I am a high school teacher. I teach a number of subjects including work experience and run our school's secondary school apprenticeship program. I enjoy placing students in work places throughout the community and talking to employers as part of this work. During these discussions I hear about the needs the employers have for employees and how my students are doing to meet the requirements of the work place. Time and time again I hear them say that they need students who have basic skills that include good math skills, problem solving skills and the skills to manage time well. As much as teachers can, we try to teach these skills. However, the Ministry of Education reduced the graduation requirements significantly some years ago. This has allowed too many students to graduate without some of those basic skills. The government happily announces that graduation rates are excellent. Well, if you set the standards low enough, everyone can pass. But are we as a society and is our economy served well by a weakened education system?

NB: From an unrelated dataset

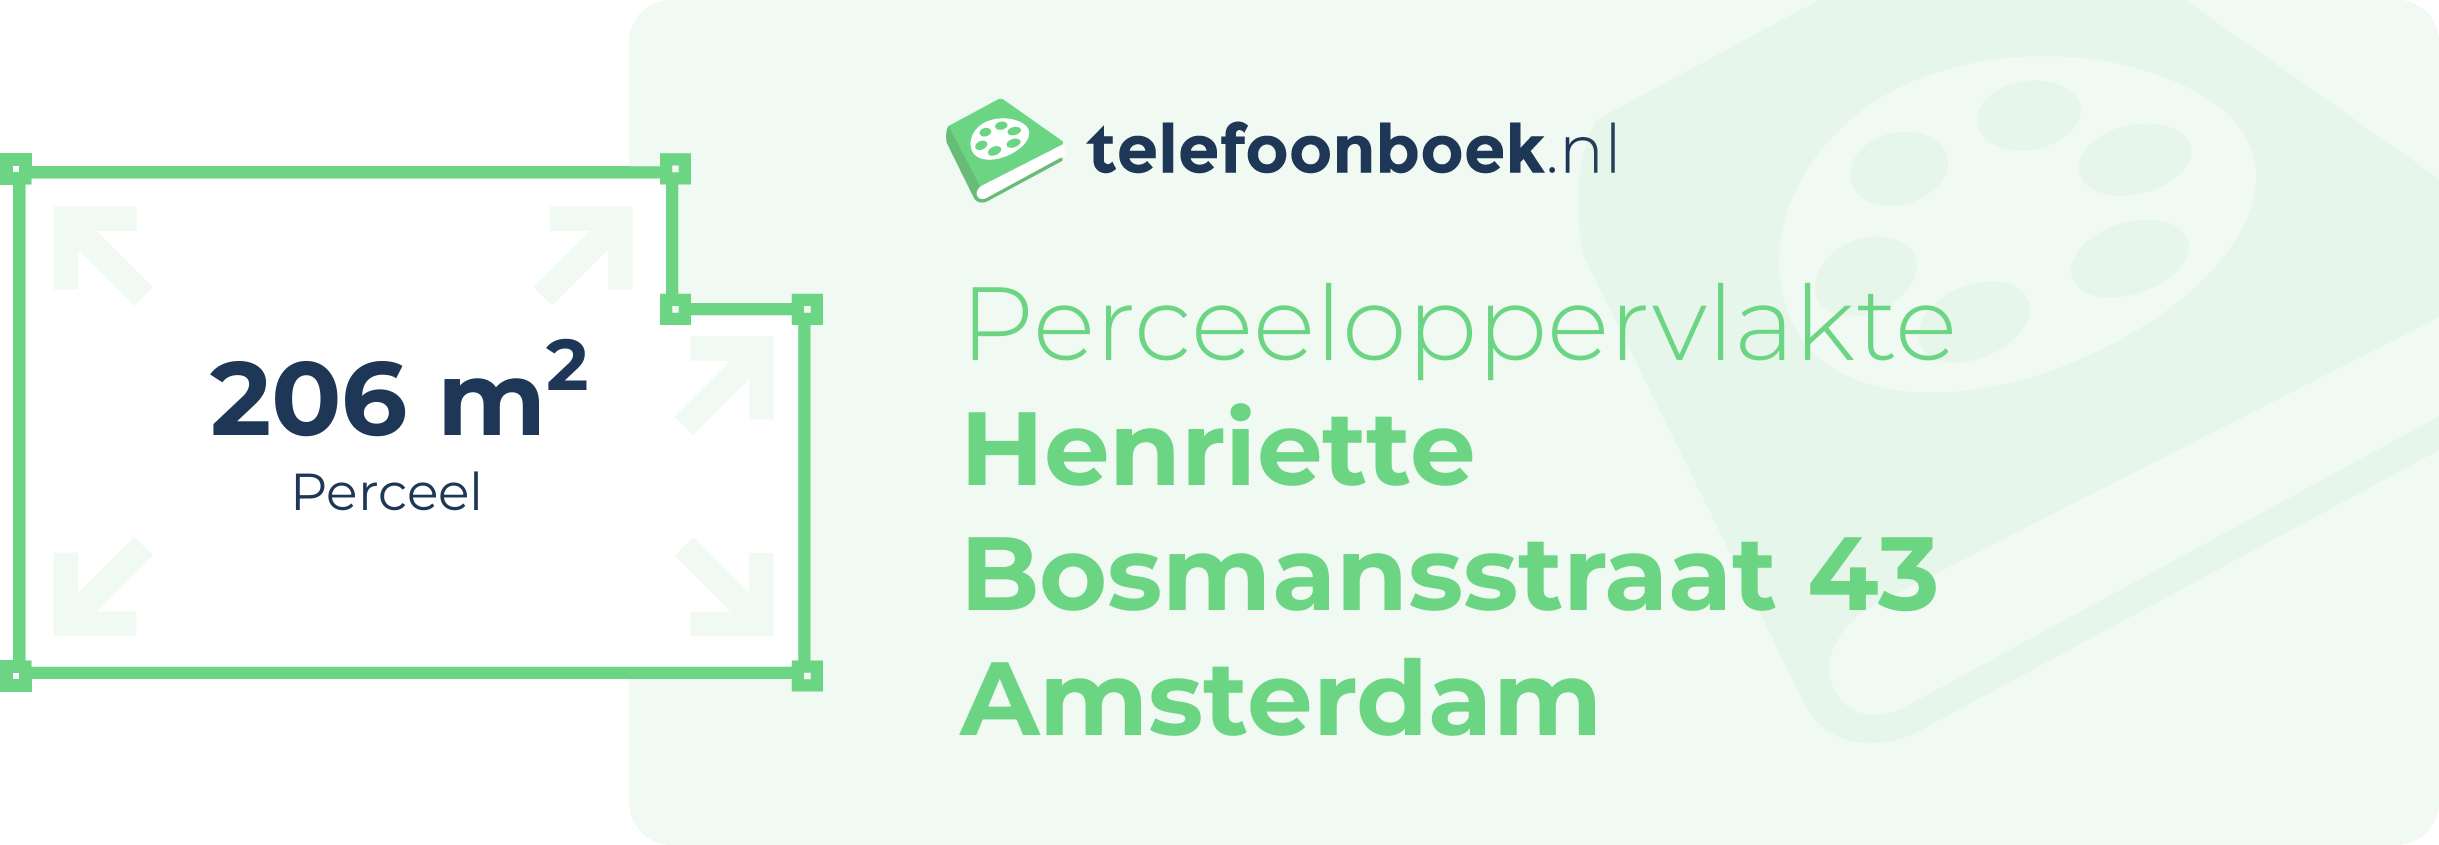 Perceeloppervlakte Henriette Bosmansstraat 43 Amsterdam

Ms. Clark's government has focussed the province's economic future on developing LNG plants. This industry requires many trades people and many others who have excellent technical skills to do the work of building LNG plants and to then run them to the high standards necessary so that producing and selling LNG will be a reliable and consistently available commodity. Without well educated potential trades and technical workers, who is going to build these plants? Temporary foreign workers? We know how poorly that program has been run. Businesses owners I talk to are desperate for trades people and skilled technical workers. These jobs cannot be done with a minimal education.
Perhaps, rather than discussing how the government can't afford to improve educational funding, Peter Fassbender and Christy Clark should be discussing how it can't afford NOT to improve education. These workers are not going to magically appear. BC is in dire need of English-speaking, highly trained and educated young people. We need to improve our education system now. Our very economy depends on it.